Dylan Neel AB '15 MD '20 PhD '24 MPhil

What drew you to medicine and / or science (neurobiology, specifically)? Was it always your goal to become a doctor or scientist, or did you have other interests entering college and later shifted your plans? If you did change your plans, what made you want to change? 

I’ve always been interested in science. When I was about 13, I did a 4-week summer science camp at Brown University, which is very close to my home in Providence, RI. They taught us basic stuff—how to balance a centrifuge, how to pipette, and ultimately how to “shock” bacteria (using heat and electricity) into taking up pieces of DNA that would turn them green. 

I liked being in the lab.
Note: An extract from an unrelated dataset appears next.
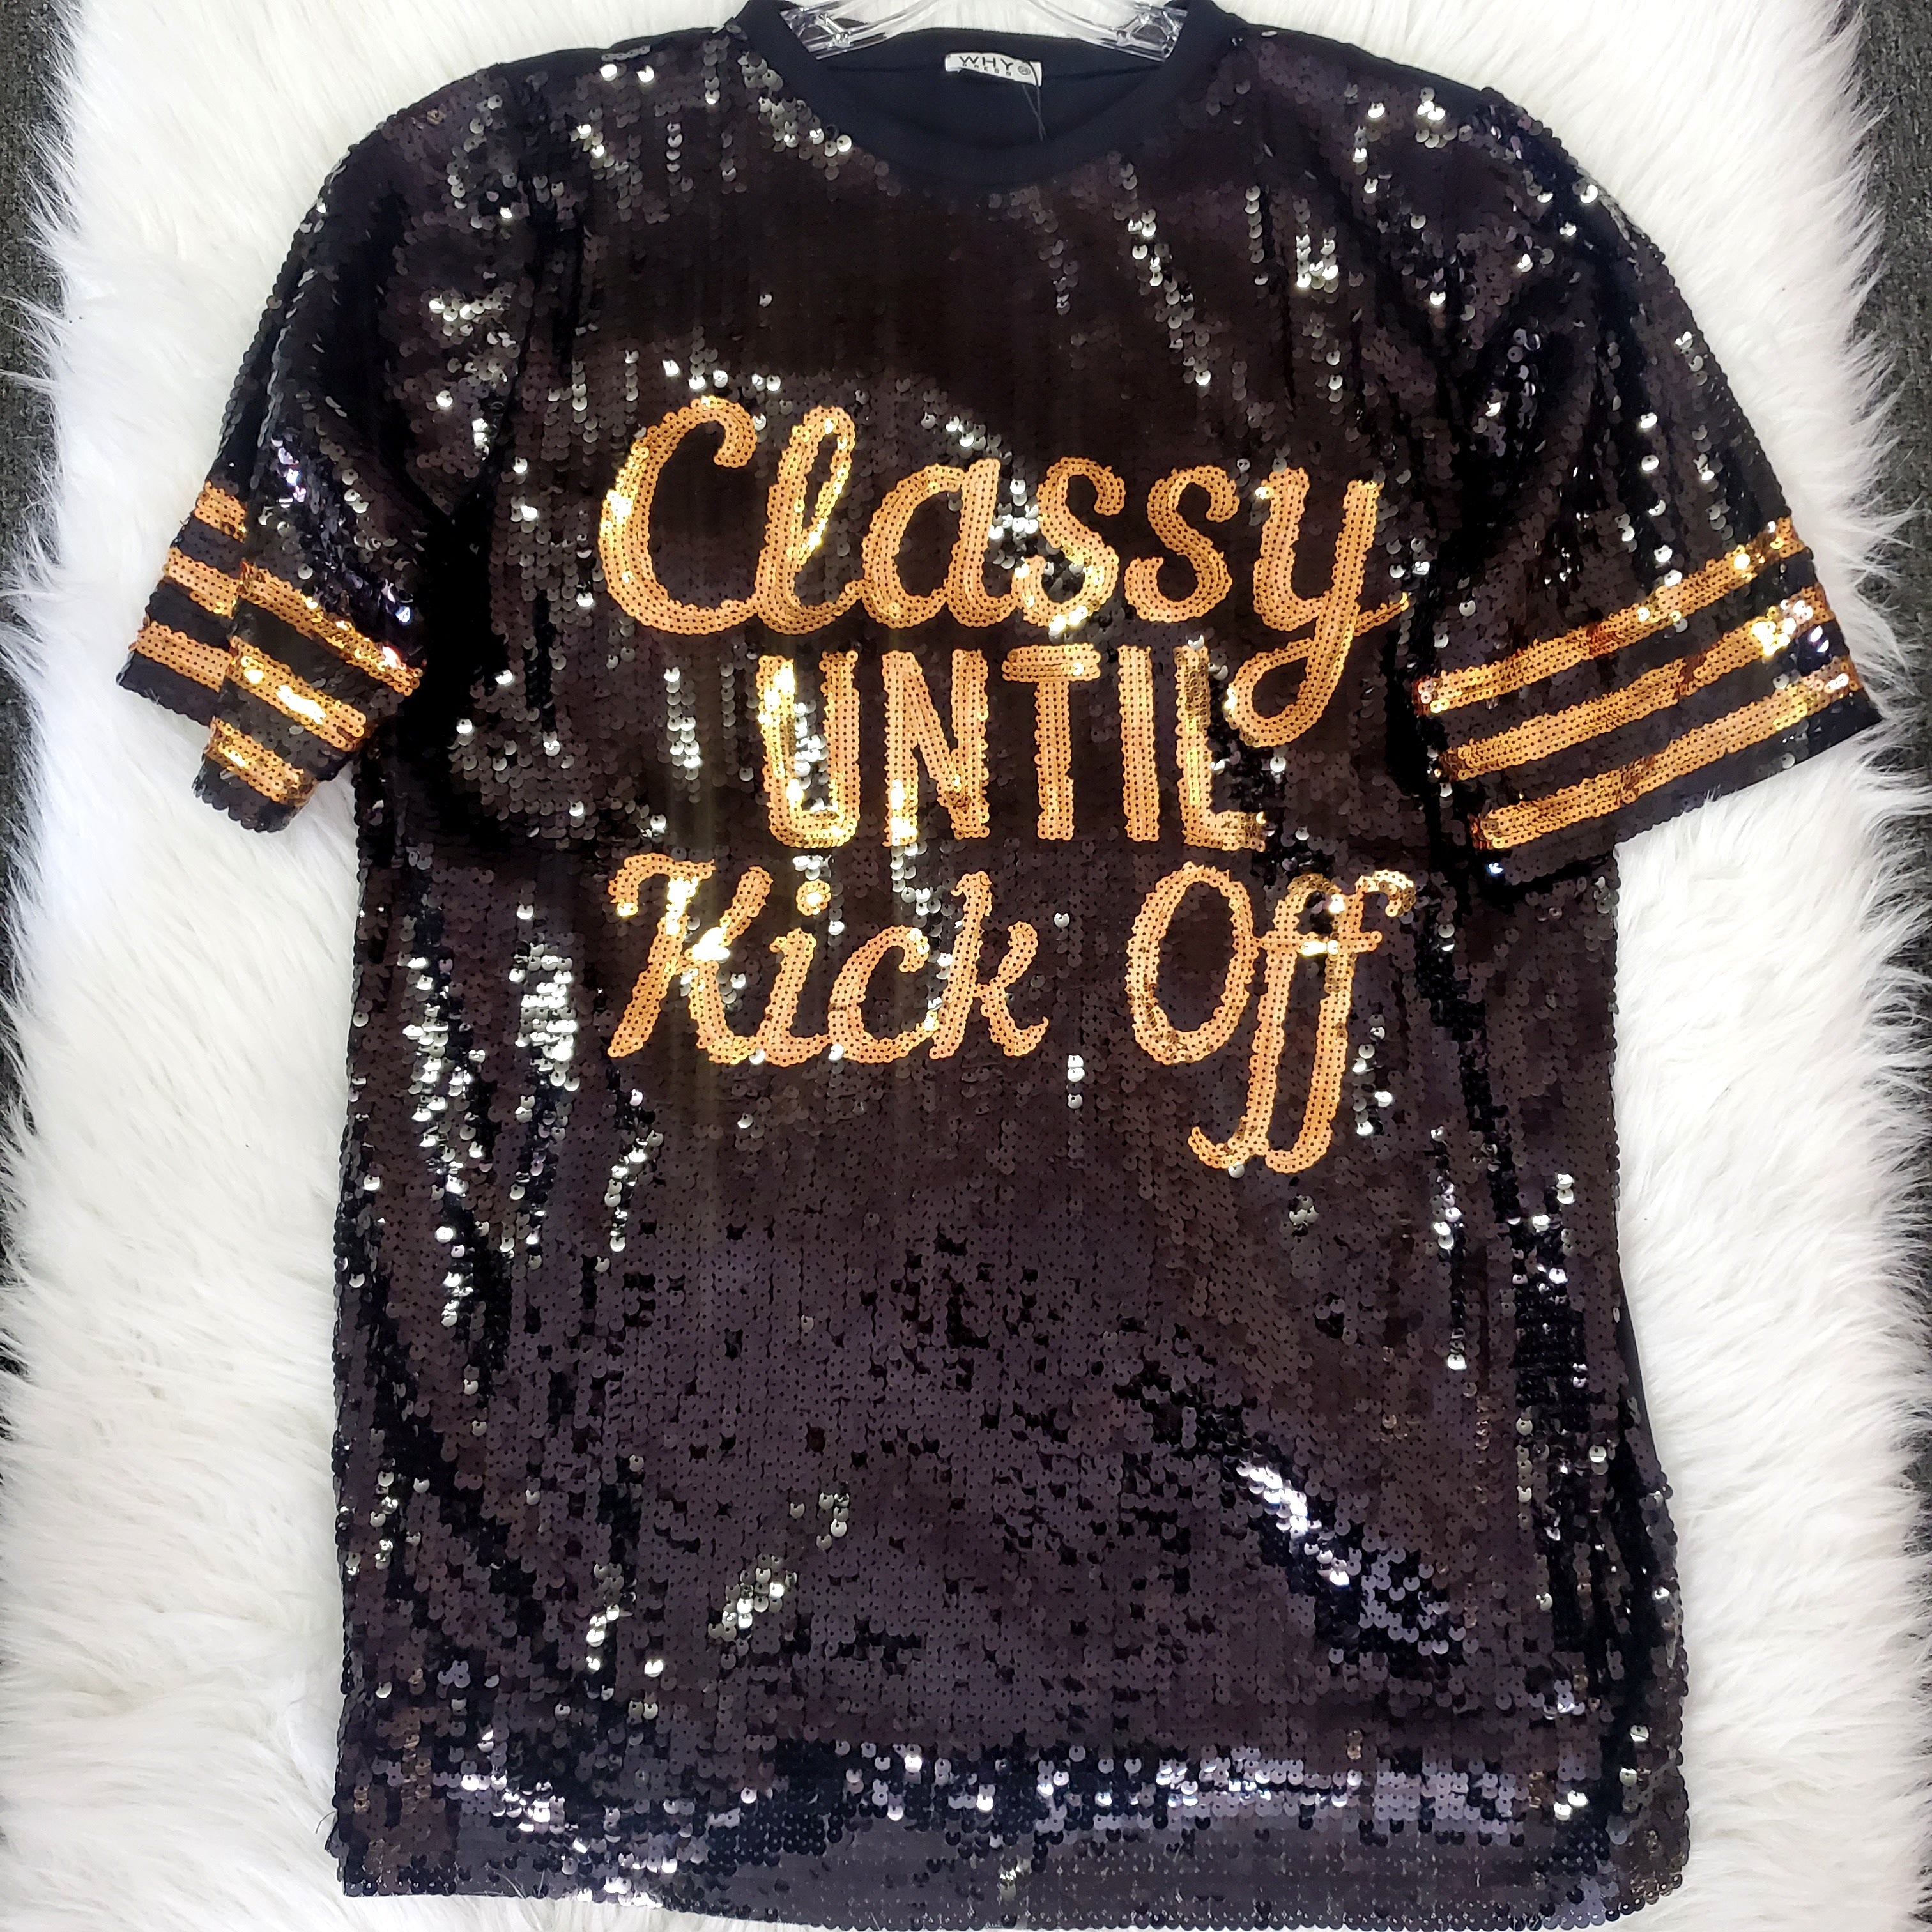 *restocks soon * Black n gold sequin dress Classy Until Kickoff (sequin front only)

I was really fascinated by this mix of “high-tech” with the somewhat casual and laid-back nature of the grad students and professors I met: stacks of old research papers, empty coffee mugs, faded posters of esoteric signaling pathways were next to complex and priceless machines. I also loved the textbooks and papers I was exposed to during this summer—though there were lots I didn’t understand. 

In my sophomore year at Harvard College, I took an introductory neuroscience course by Jeff Lichtman and Joshua Sanes (MCB 80). After starting this course, I switched my “concentration” from molecular biology to neurobiology. It seemed like there were many more unanswered questions in neuroscience and neurobiology—plus, the brain is just fascinating. We have learned so much about how the brain works from unfortunate “human experiments” – patients who have damaged a particular system or suffer from neurodegenerative disease. Phineas Gage and H.M. are two famous examples, and excellent work from the late and great neurologist Oliver Sacks highlights many other such examples. 
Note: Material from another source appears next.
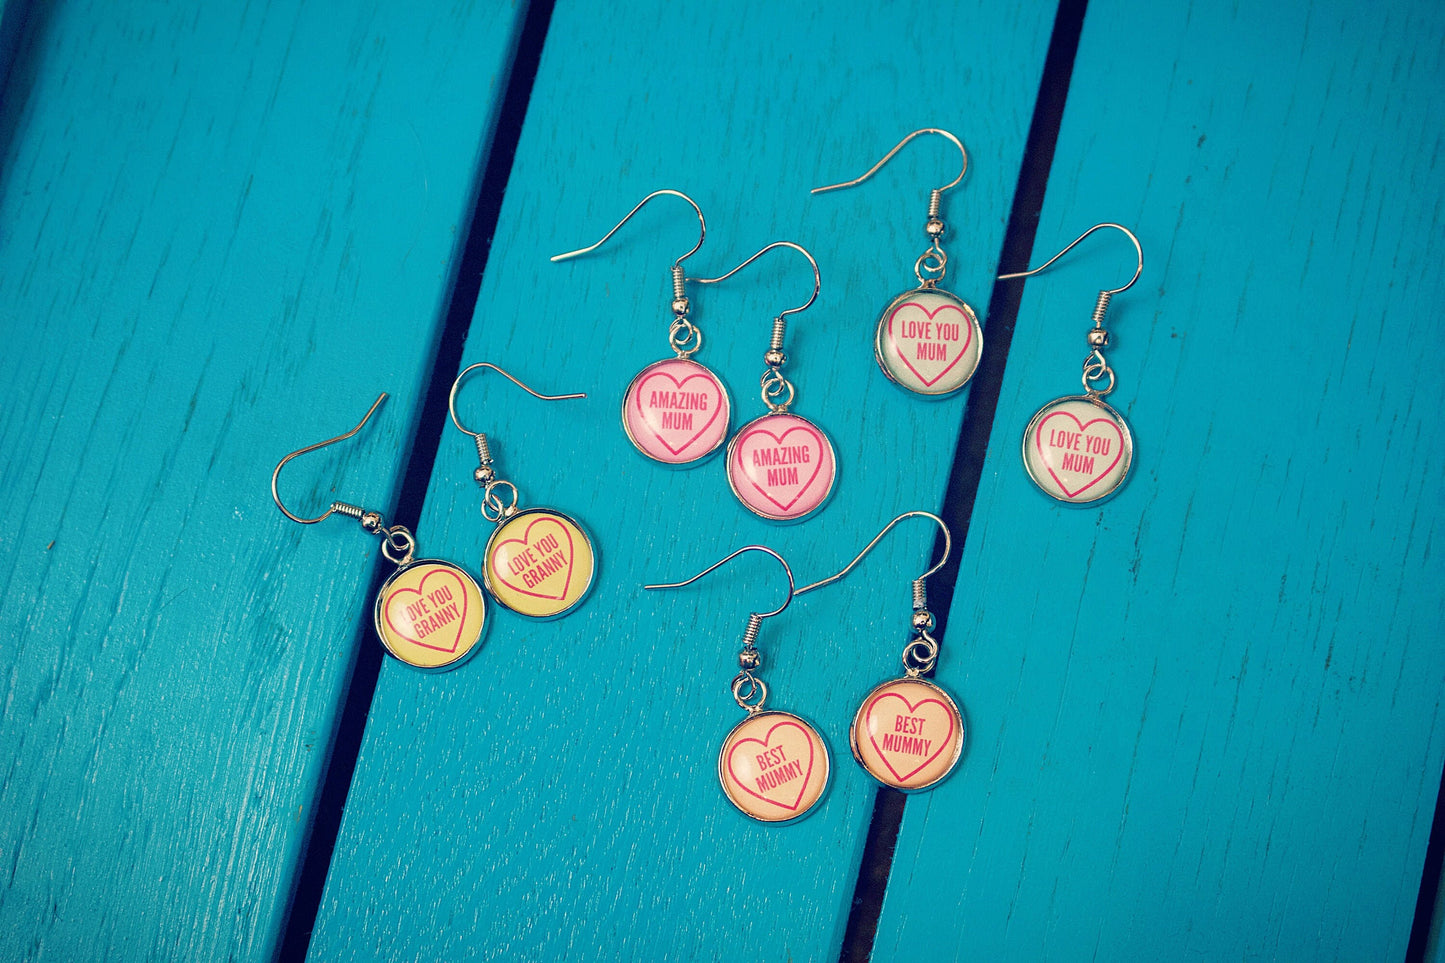 Mothers Day Love Hearts Earrings. Love You Mum! Amazing Mum! Gift for Granny. Grandmother. Retro sweets. Sweeties. Personalised message

My experience in MCB 80 led me to shadow some neurologists at the MGH, and I discovered that I liked meeting patients and thinking about disease in a way that could have an immediate impact on someone’s life. Because I liked thinking about science and also thought I might enjoy seeing patients, I decided to pursue an MD-PhD training path. 

What were your most memorable experiences (academic or non-academic) at Harvard College, and what were your greatest takeaways from your college experience? 

I made many of my best friends at Harvard College. It is a truly special time where you are constantly surrounded by close friends. My twin brother (Seth Neel, now an Assistant Professor at Harvard Business School) also went to Harvard College, and we had a lot of fun. Looking back, I mostly remember the fun times and late nights with friends. 

 

Why did you choose to pursue an M. Phil. in pharmacology from the University of Cambridge? 

Growing up in Providence and then going to school in Boston, I realized I wanted a “different” experience before the 8-9 year MSTP program at Harvard Medical School. Somewhat last-minute, I applied for the Herchel-Smith Fellowship, which funds a year of postgraduate study at the University of Cambridge. I was accepted and lived in Emmanuel College for ~11 months. 

It was one of the best years of my life—I played a lot of tennis, traveled around the UK and Europe, and made several close friends who now live in London. I also have family in London and Cambridge, so it was great to see them during that time. In fact, I am planning to travel to the UK this fall to see my family and friends I made in Cambridge. 

As an added bonus, I learned enough pharmacology and stats at Cambridge to be very comfortable in the courses I took as a first-year medical student in the HST program at HMS. 

Why did you choose to pursue an MD PhD, and how do you hope to spend your clinical vs research time (vs other commitments) in the future? 

Being a physician-scientist is a true privilege. Very few individuals get to see patients as well as study fascinating basic science or translational problems in the laboratory. You get to have an immediate impact by seeing patients, and you can also think about what the future of science or medical care will look like. This combination of having both an immediate and long-term impact is what attracts many to this career path. 

However, like most great things, there is a price to pay. The training path is long. Before you can be an attending physician with your own lab, there are 8-9 years of the MD-PhD, followed by 4-7 of residency and usually 1-3 years as an Instructor or post-doctoral fellow. Further, jumping between science and medicine is never easy. I am now heading back into the clinic after 4 years of PhD training—I have forgotten quite a bit and the learning curve will be steep. If you hate the feeling of “being behind” or playing catchup, MD-PhD is not for you!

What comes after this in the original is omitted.